Inside New York City's Cyber Command. A new feature from malware scanning site VirusTotal is designed to help Security Operations triage security alerts for false positives. (Credit: New York University)

VirusTotal is seeking to curb the scourge of security alert fatigue by rolling out a new feature called Known Distributors, which allows developers to identify the provenance of submitted files back to their original company or product line.

In a blog, threat intelligence strategist Vicente Dìaz said many people already use VirusTotal for automatic security telemetry enrichment, and VirusTotal has “seen how the inclusion of AI/ML in detection engines has led to more false positives, and, most importantly to increasing lack of context.”

“Many detections these days do not include any malware family/toolkit label, and since they are ML-powered, the analyst is provided with no additional information beyond a red flag, which in some cases might be misleading,” Dìaz wrote.

The main use case for this tool is helping SOCs identify and discard false positive alerts.
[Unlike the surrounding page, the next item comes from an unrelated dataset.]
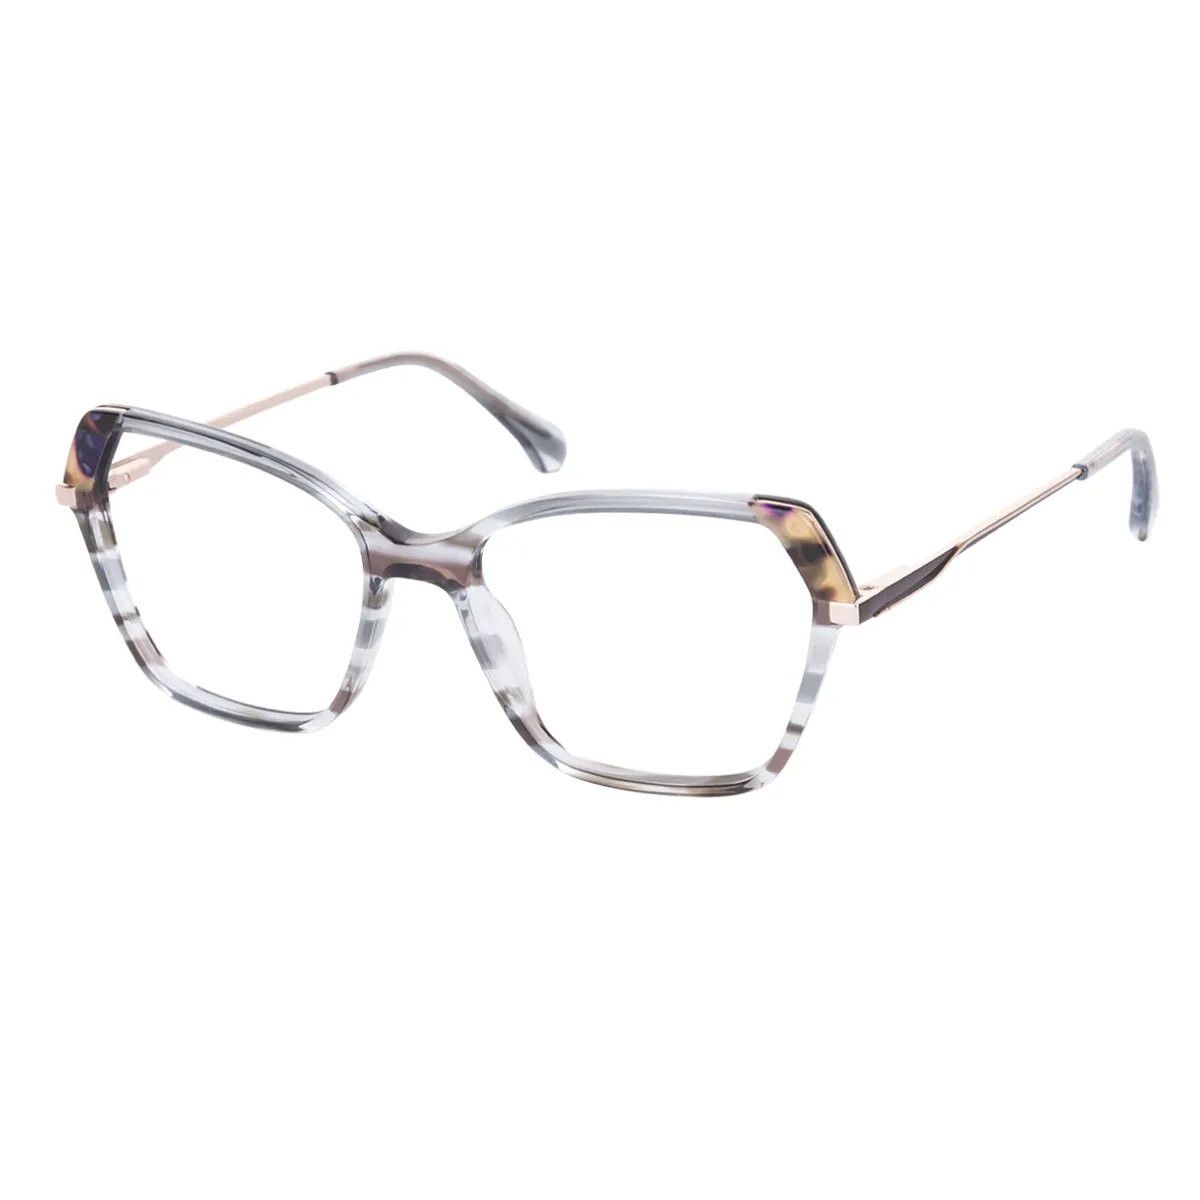 Chic - Square Tortoiseshell Glasses for Women - EFE

Known Distributors was developed to make this use case more “straightforward” by allowing users to submit file objects, like a malware hash, to the website, which will analyze the file and determine which company or companies are distributing the file through their products.

It pulls data from a number of sources, including the National Software Reference Library and a partnership with “key software vendors” to help tag and sign files for classification. In addition to using the NSRL, VirusTotal’s Monitor service, Hash DB and the Trusted Source project, Dìaz said VirusTotal is also working with developers of software download portals to centralize author and distribution metadata for the software they submit.
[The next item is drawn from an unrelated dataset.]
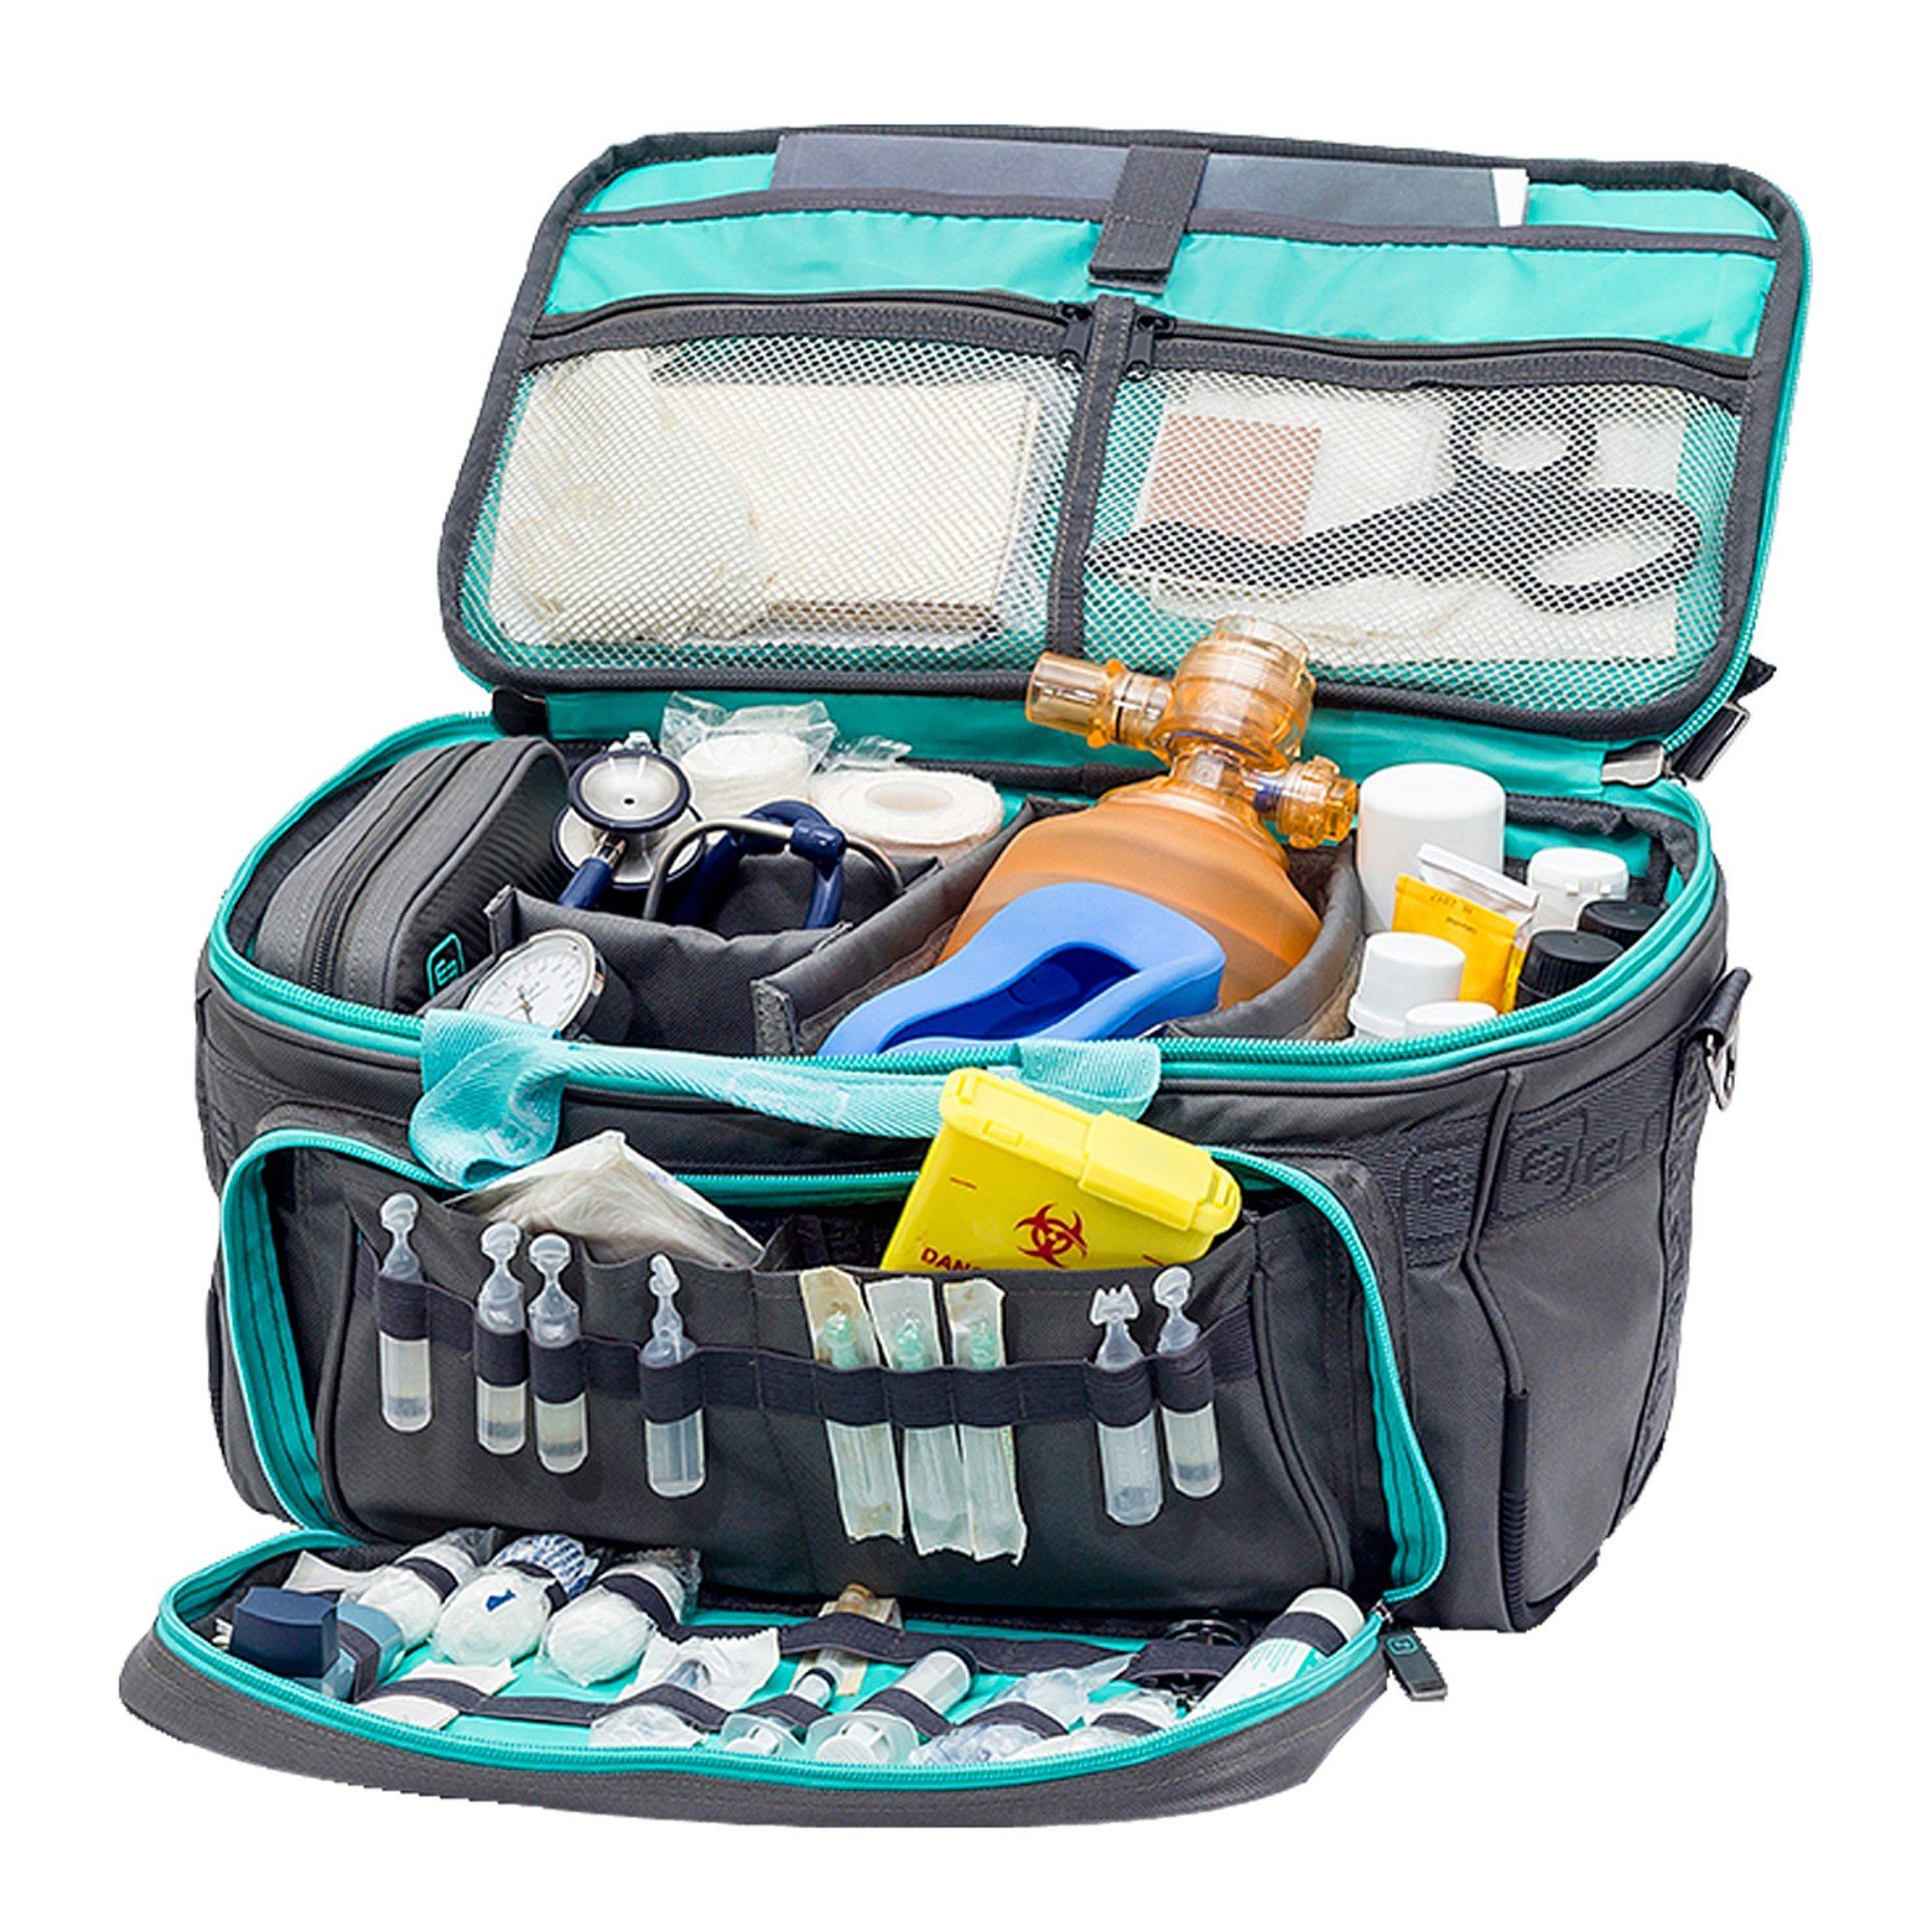 40 Softbag-Arzttasche Polyester Elite cm 25 Bags GP´S Grau-türkis Elite Arzttasche x x Bags 21

It’s the latest attempt to grapple with the big data realities of modern threat intelligence. Many security teams are relying more on newer tools like EDR and SIEM to ingest massive amounts of telemetry coming from their IT assets to detect threats or ongoing attacks. Those tools in turn have increasingly come to rely on machine learning to create complex rules that allow security operation centers to automate that process and conduct initial classification of security alerts.

But pulling data from an increasingly diverse range of sources creates all kinds of classification, formatting and tuning problems that make it easy to confuse these machine learning algorithms, resulting in the creation of (a lot) more false positives.

This has created a dynamic where, in order to cover a broad range of different threats, security professionals have to use tools with automation to keep up. However, in the process of reducing the human burden on one work stream it ends up creating a whole layer of new work, namely sifting through the haystack of hundreds or thousands of false alerts generated daily by this process in order to find the few needles that represent true threats to an organization’s network.

That has led vendors to steadily add more data sources and make automation a bigger feature, but as one analyst told SC Media, this is a “very fragile form of automation” that creates a lot of noise and still requires significant human input to manage and use effectively.

Tools like SIEM “need an approach that doesn’t rely on this excessive amount of data coming in to perform these detections, because ultimately what they’ve built is a big data problem that is a very challenging thing to solve,” Forrester analyst Allie Mellen told SC Media last month.

Dìaz said VirusTotal, which is already plugged into most commercial antivirus and detection software and holds a wealth of malware information, is one of the organization’s positioned to make that kind of alert triage easier to do.

“By incorporating the Known Distributors details along with VirusTotal’s wealth of contextual information, security teams can overcome the shortcomings of noisy detection mechanisms that have yet to mature,” he wrote.